The probability that a randomly chosen plate contains the number 2222 is 0.000028 approximately.

The probability that a randomly chosen plate contains the sub-string HI is 0.002548  approximately.

Step-by-step explanation:

Consider the provided information.

Illinois license plates used to consist of either three letters followed by three digits or two letters followed by four digits.

Part (A)

Let A is the ways in which plates consist of three letters followed by three digits and B is the ways in which two letters followed by four digits.

Here repetition is allow. The number of alphabets are 26 and the number of distinct digits are 10.

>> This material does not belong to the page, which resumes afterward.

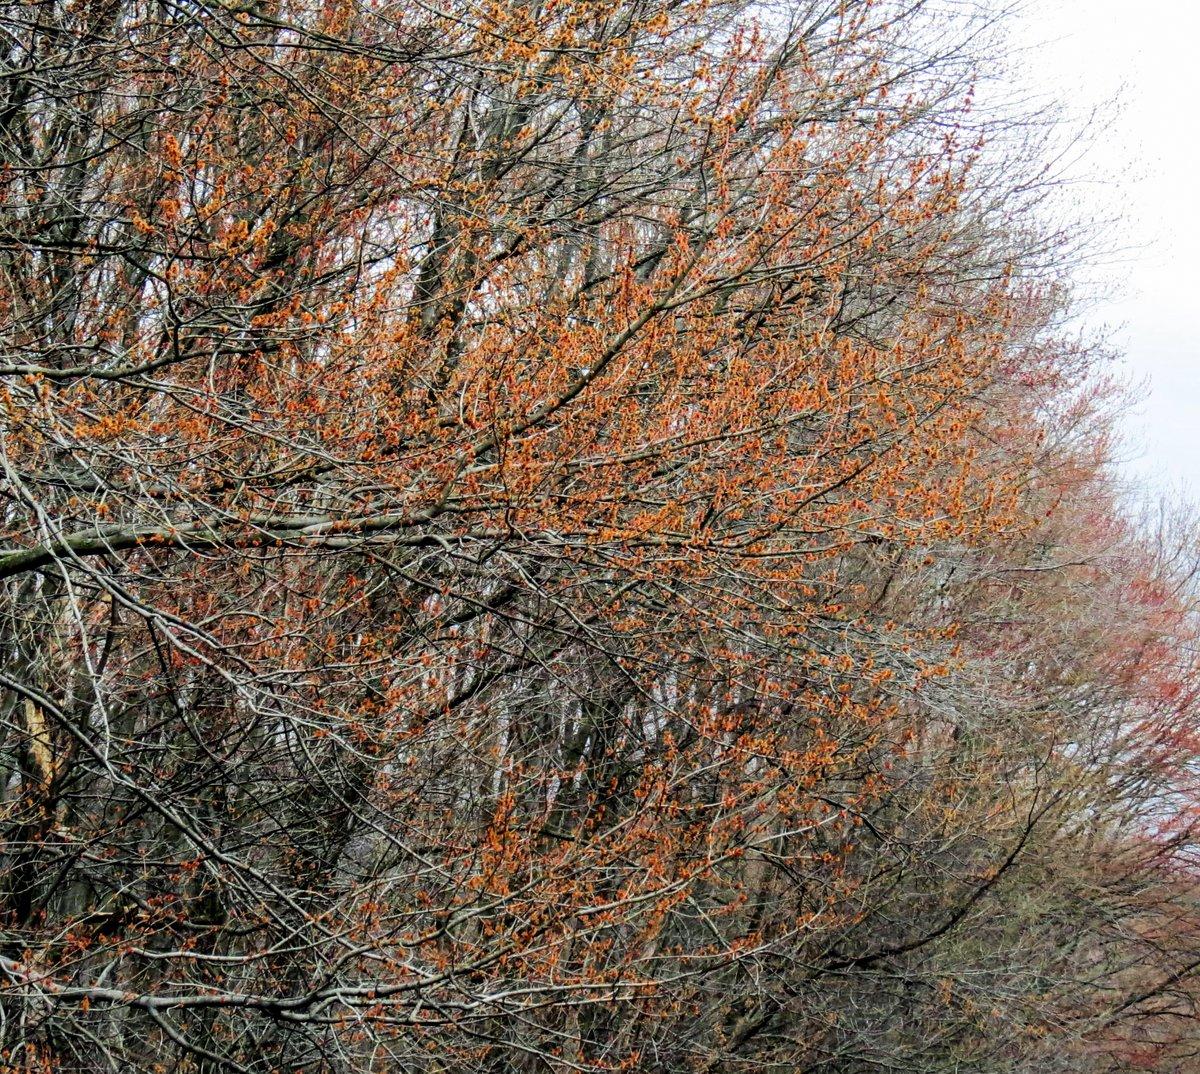 1. Red Maple Flowering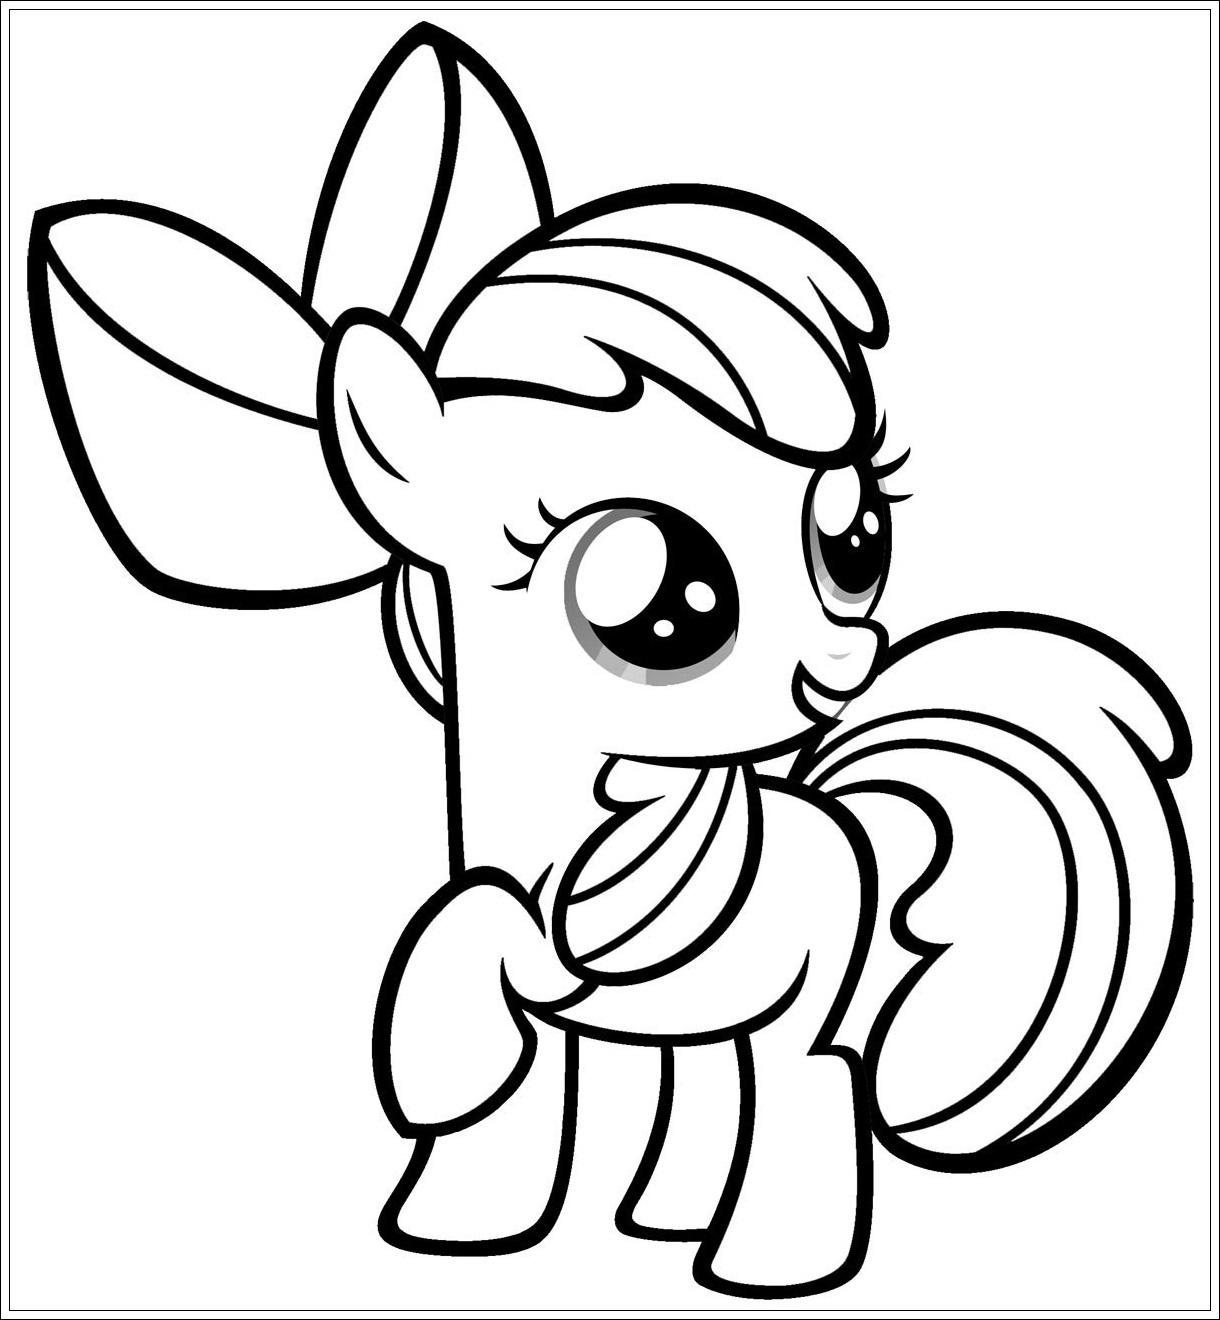 my little pony ausmalbilder # 10

The numbers of ways in which three letters followed by three digits can be chosen is: 26\times 26\times 26 \times 10 \times 10 \times10

26^3\times 10^3=17576000

The numbers of ways in which two letters followed by four digits can be chosen is: 26\times 26\times 10 \times 10 \times 10 \times10

26^2\times 10^4=6760000

Hence, the total number of ways are 17576000 + 6760000 = 24336000

Randomly chosen plate contains the number 2222 that means the first two letter can be any alphabets but the rest of the digit should be 2222.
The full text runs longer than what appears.